Given information.
━━━

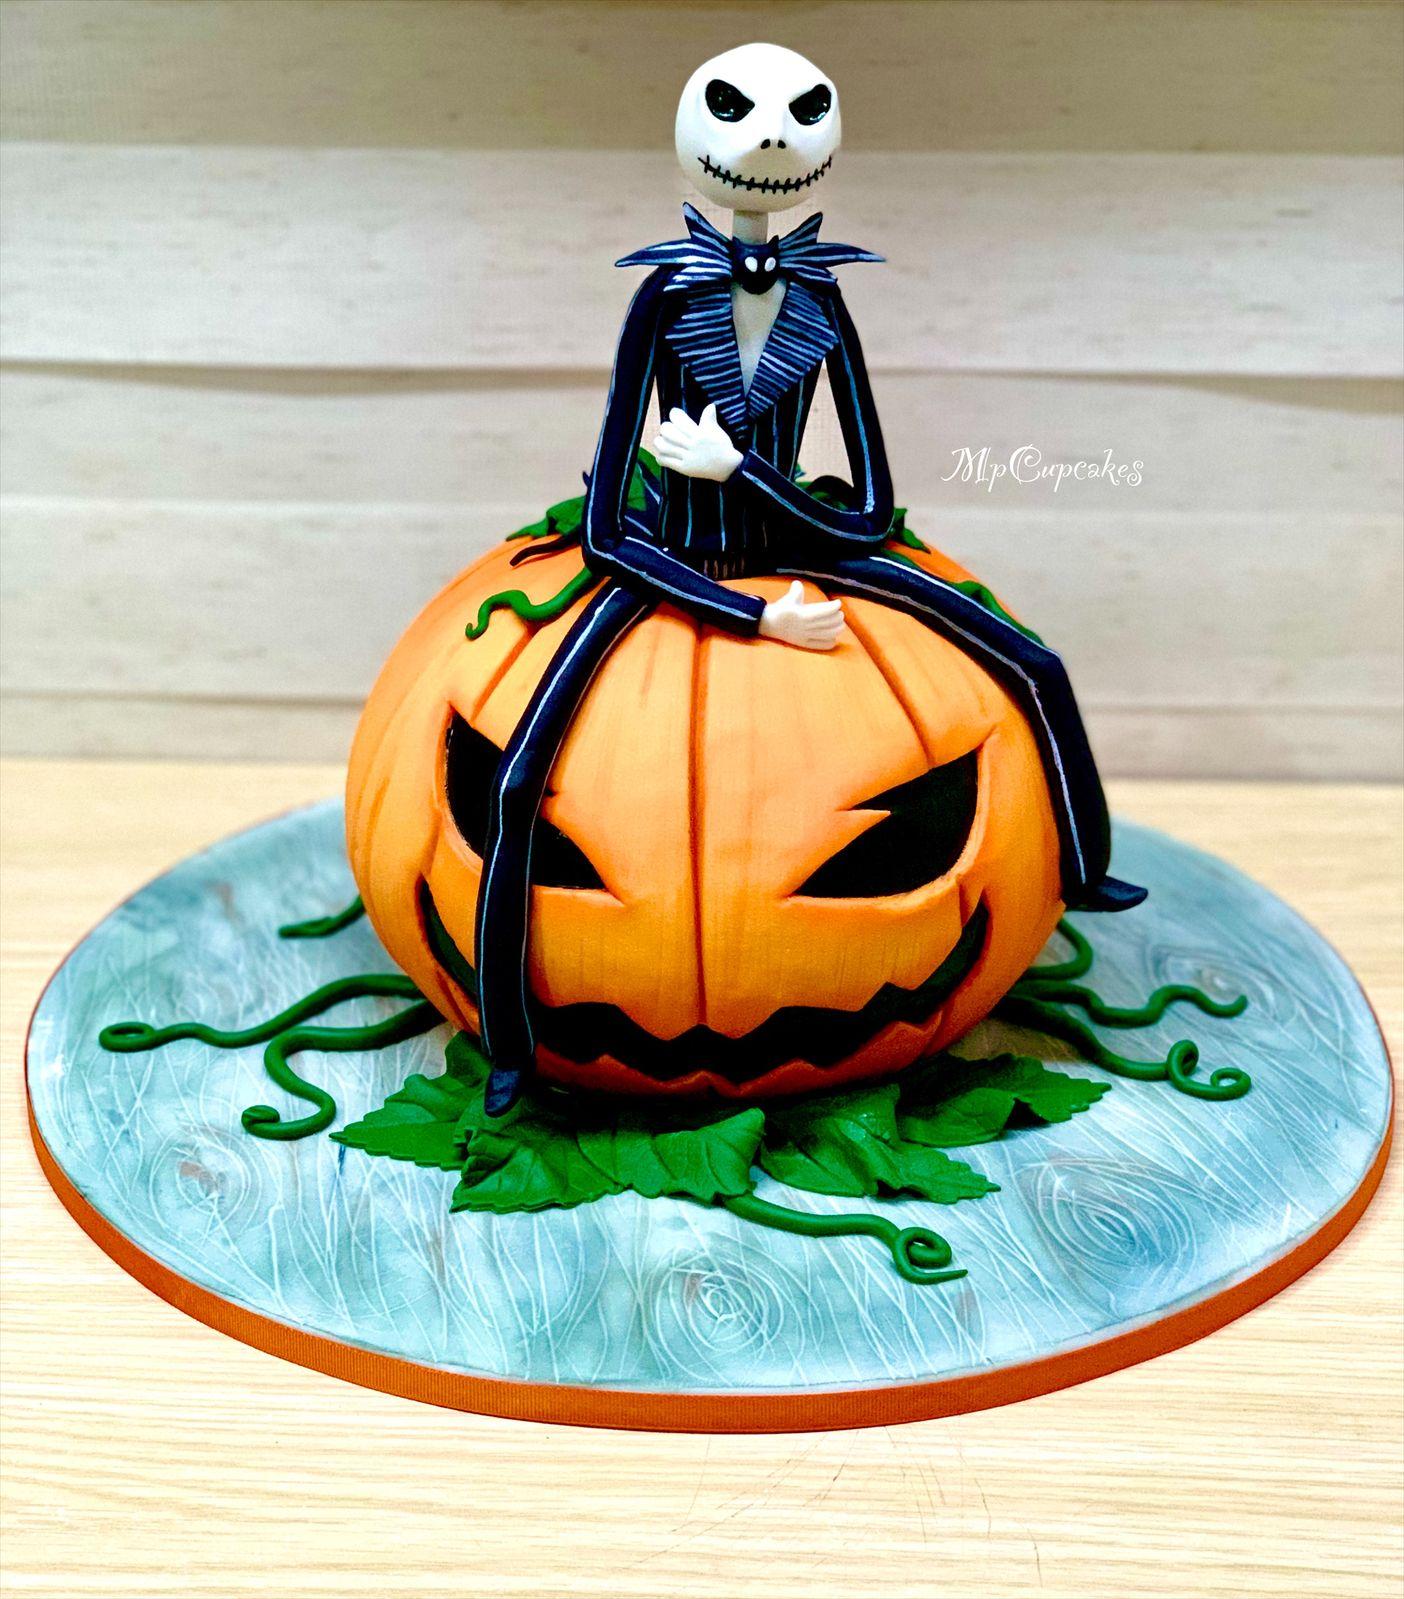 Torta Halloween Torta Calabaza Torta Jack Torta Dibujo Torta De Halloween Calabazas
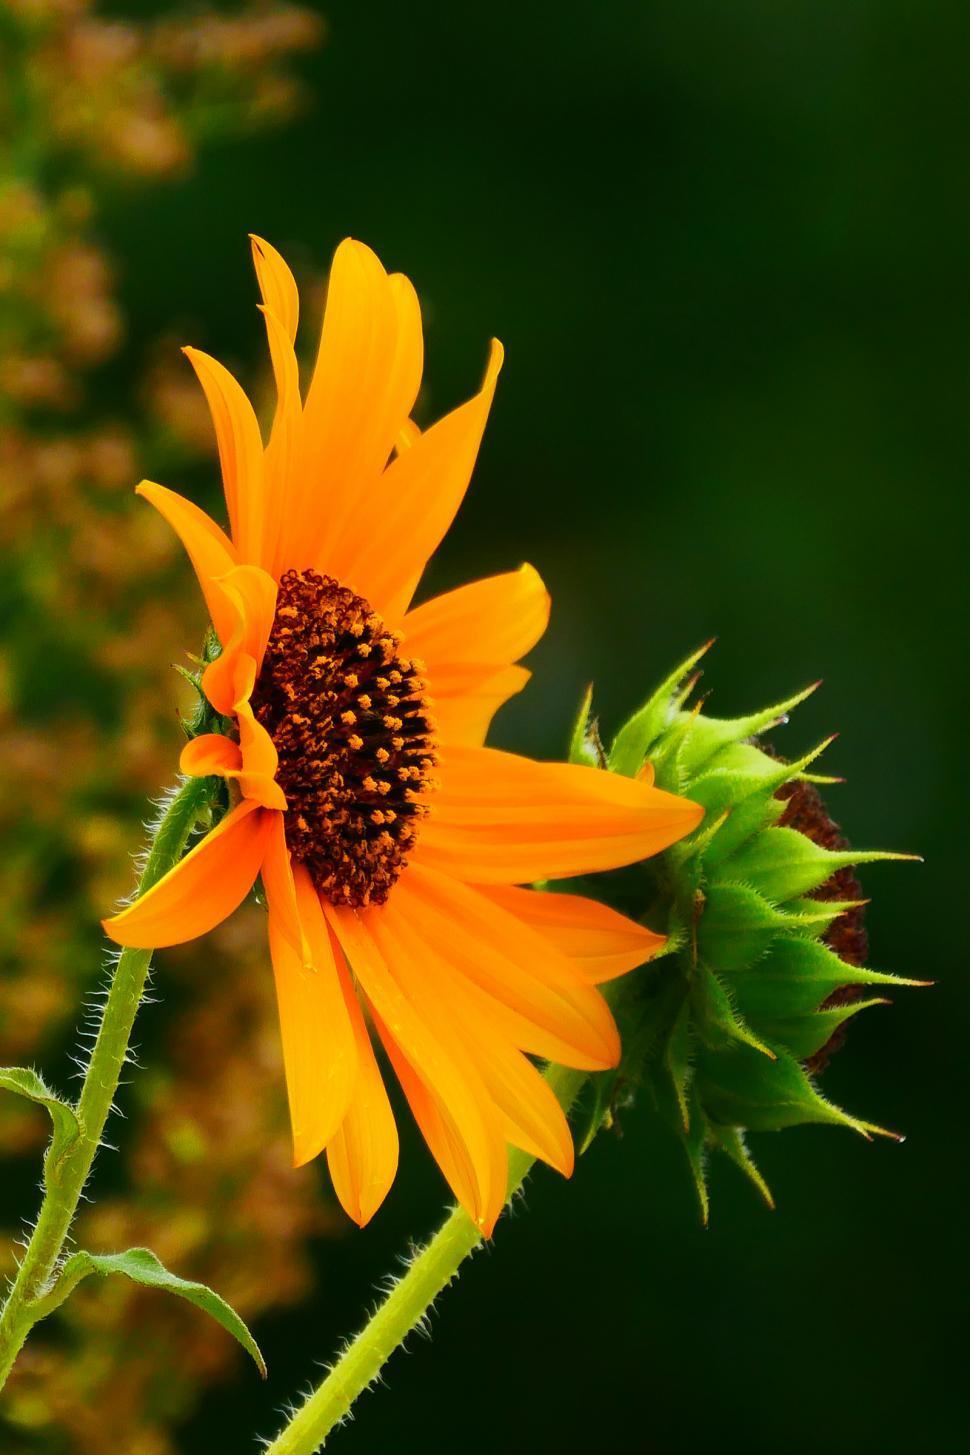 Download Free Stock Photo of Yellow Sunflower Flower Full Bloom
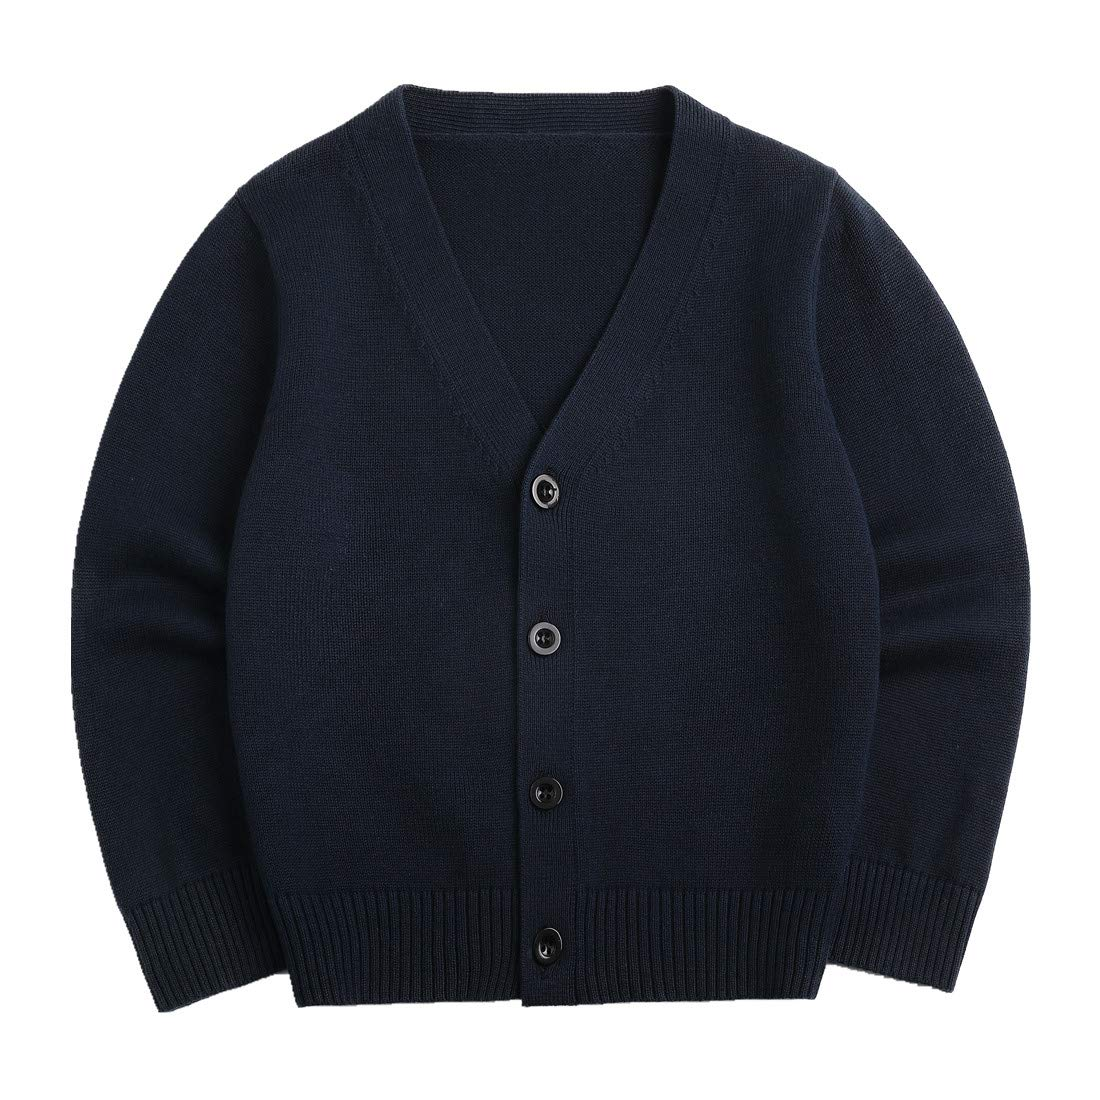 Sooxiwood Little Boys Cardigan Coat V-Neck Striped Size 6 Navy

━━━

Task directions. Return the whole of the material above exactly, with no picture carried over.

Response to this exercise.
 Torta Halloween Torta Calabaza Torta Jack Torta Dibujo Torta De Halloween Calabazas
 Download Free Stock Photo of Yellow Sunflower Flower Full Bloom
 Sooxiwood Little Boys Cardigan Coat V-Neck Striped Size 6 Navy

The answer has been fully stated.